Amazon Web Services has the ability to serve objects contained within an S3 bucket as a static website1. Upload some files to a bucket via their web-based console or via their API (as implemented in boto), flip a switch that indicates the bucket in question is to be used for this purpose:
Next, ensure that you have the right set of arcane security policy
and then you can navigate to something like
the-greatest-bucket.s3-website-us-east-1.amazonaws.com to see the fruits of
Add in the S3 SLA of 99.999999999% for object durability and 99.99% for general availability, the pricing model which makes it feasible to host a highly trafficked website for pennies per month2, and you have a very attractive option for anyone that doesn't require server-side processing for dynamic content3.
The Problem with Global Namespaces Is That They're Global
If you want to have
https://nerderati.com backed by content in S3, you need to
have a bucket named
nerderati.com in your AWS account. This is because S3 uses
the HTTP 1.1
Host: header to determine the bucket name, and is unaware of any
CNAME/A records that may exist in DNS, and any such introspection would be one
hell of a leaky abstraction, regardless.
S3 and Route53 are separate AWS products, and you are not required to use one service to be able to use the other: S3 does not care about which DNS provider you have chosen to use, and rightfully so.
But Why Is Uniqueness A Requirement?
To use an already overused journalistic cliché, global namespaces are typically considered harmful. They are, however, sometimes a necessary evil.
One of AWS S3's defining characteristics is that the top-level namespace is shared, across all users and regions, such that any bucket under any account must have a globally unique name.
There are several reasons for this, but one of them relates directly to what we're talking about: S3 was initially designed so that bucket contents could be accessed over HTTP, and this is still the primary use-case for most people today.
Since buckets can be accessed globally via a virtual-host style domain:
or a path-style domain:
it requires that bucket names be unique in the same way that canonical domain names and URLs must be unique.
The static website hosting capabilities of S3 relies on this property to perform
the mapping between the resource requested over HTTP, and the location of said
resource in the system. When using a path-based URL, the mapping is relatively
simple.

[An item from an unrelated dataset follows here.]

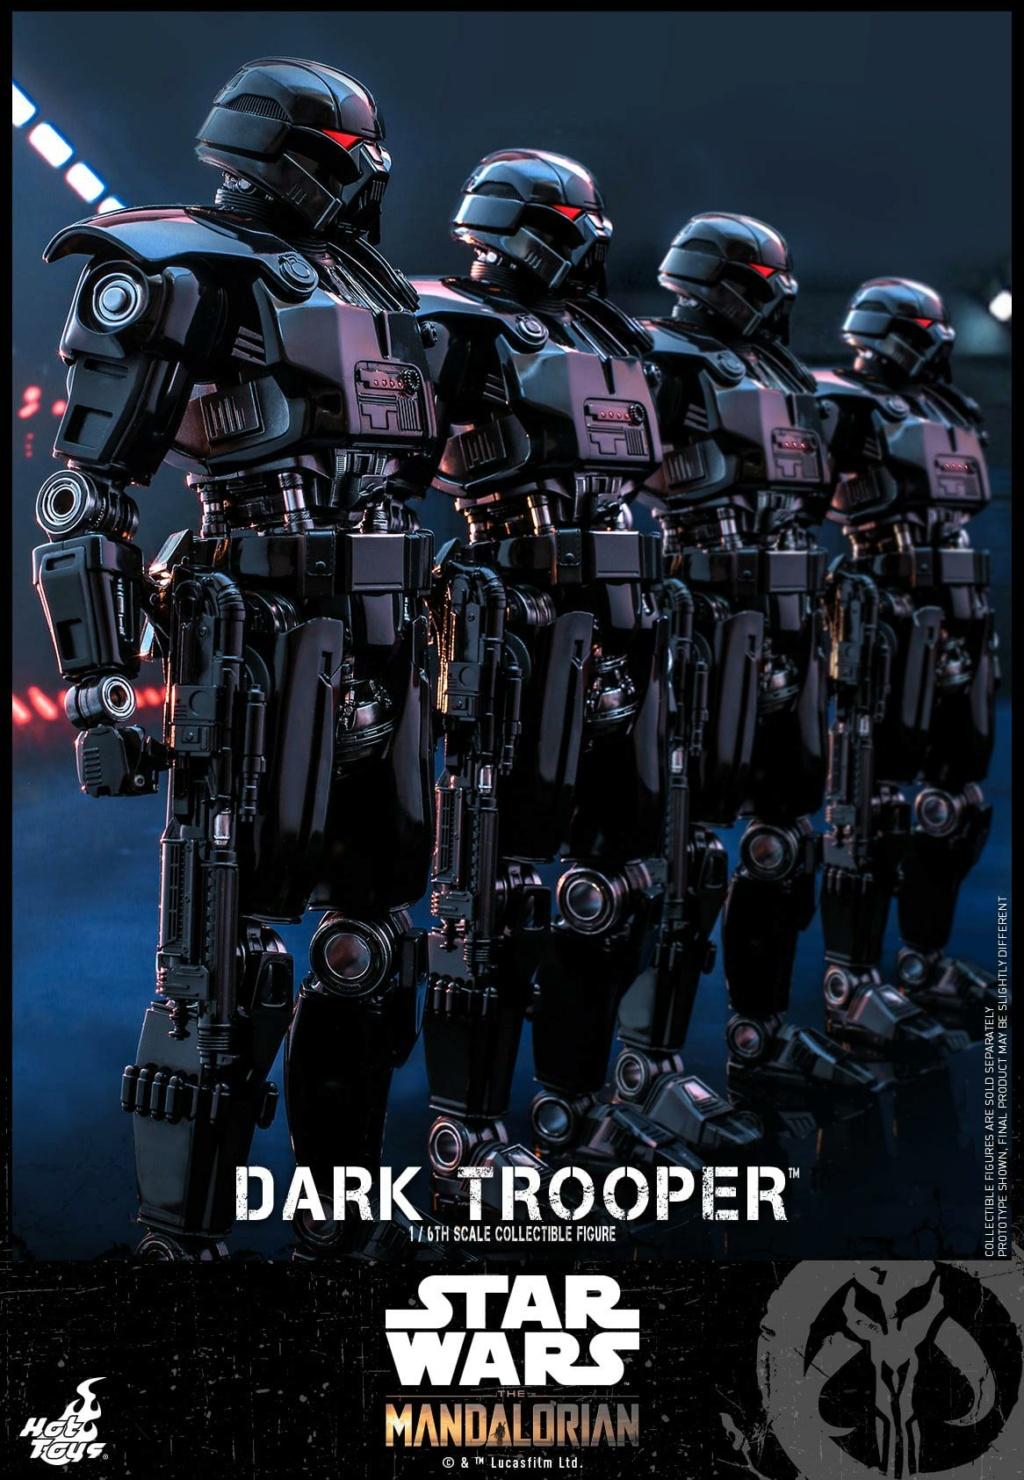 Dark Trooper Collectible Figure - 1/6th scale - Hot Toys Dark_t16

A request for
http://s3.amazonaws.com/nerderati.com/index.html in your
browser is translated into an HTTP 1.1 request:
GET /nerderati.com/index.html HTTP/1.1 Host: s3.amazonaws.com
Similarly, the virtual-host based URL of
GET /index.html HTTP/1.1 Host: nerderati.com.s3.amazonaws.com
And if you wish to have your content available at a more user-friendly URL like
https://nerderati.com, a simple A record in DNS allows for the same mechanism
but with an additional DNS lookup in between to determine the mapping between
nerderati.com and the associated virtual-host based bucket location:
GET /index.html HTTP/1.1 Host: nerderati.com
In all of these examples, S3 is able to decipher an exact, unambiguous name for the bucket in question without requiring any special headers or flags that a visitor to your site may not have configured.
Uniqueness and User-Specified Content
A problem quickly arises when you combine the following requirements:
- Allow users to select the name of a bucket
- Require that this name be globally unique
- Use the 1-to-1 mapping between
Host:header and bucket name for static website hosting
Namely, it becomes quite trivial for a malicious user to prevent another from
using S3 to host their static site. If Alice wishes to prevent Bob from using
the service to host his
bobbytime.com site, all she needs to do is create a
bobbytime.com bucket in her own account before Bob is able to. Once that
occurs, there's nothing that Bob can do, short of pleading with AWS support
staff, to create a bucket with the correct name.
CloudFront to the Rescue
The knee-jerk reaction to discovering the problem is to cry foul, and demand that AWS implement some sort of safeguard or secondary mapping option in the bucket (which would bring another set of problems to the table). The solution, however, is to use Amazon's content distribution network, CloudFront.
CloudFront allows you to configure a so-called distribution, which is a logical set of objects that you wish to make available at the various data centers around the world:
In configuring this distribution, you explicitly set the origin to an AWS S3
bucket (in our case, anyways – other origin endpoint types are possible). Couple
that with a change in your DNS records to point your domain name to the
CloudFront distribution endpoint, and you now have the ability to dissociate the
S3 bucket name from the domain name that your content is served from:
CloudFront, when fetching your S3 resources to prime the cache, will
automatically rewrite the request
Host: header to match the name of the S3
bucket origin, no matter what it's called.
This way, if someone has stolen your domain's bucket name, then you can bypass the problem entirely. It will, however, incur the additional costs that come with CloudFront, but you do get the benefits of a very powerful, well-supported CDN.
With the introduction of AWS Lambda, the divide between so-called "static" websites and ones requiring dynamic content processing is slowly being eroded.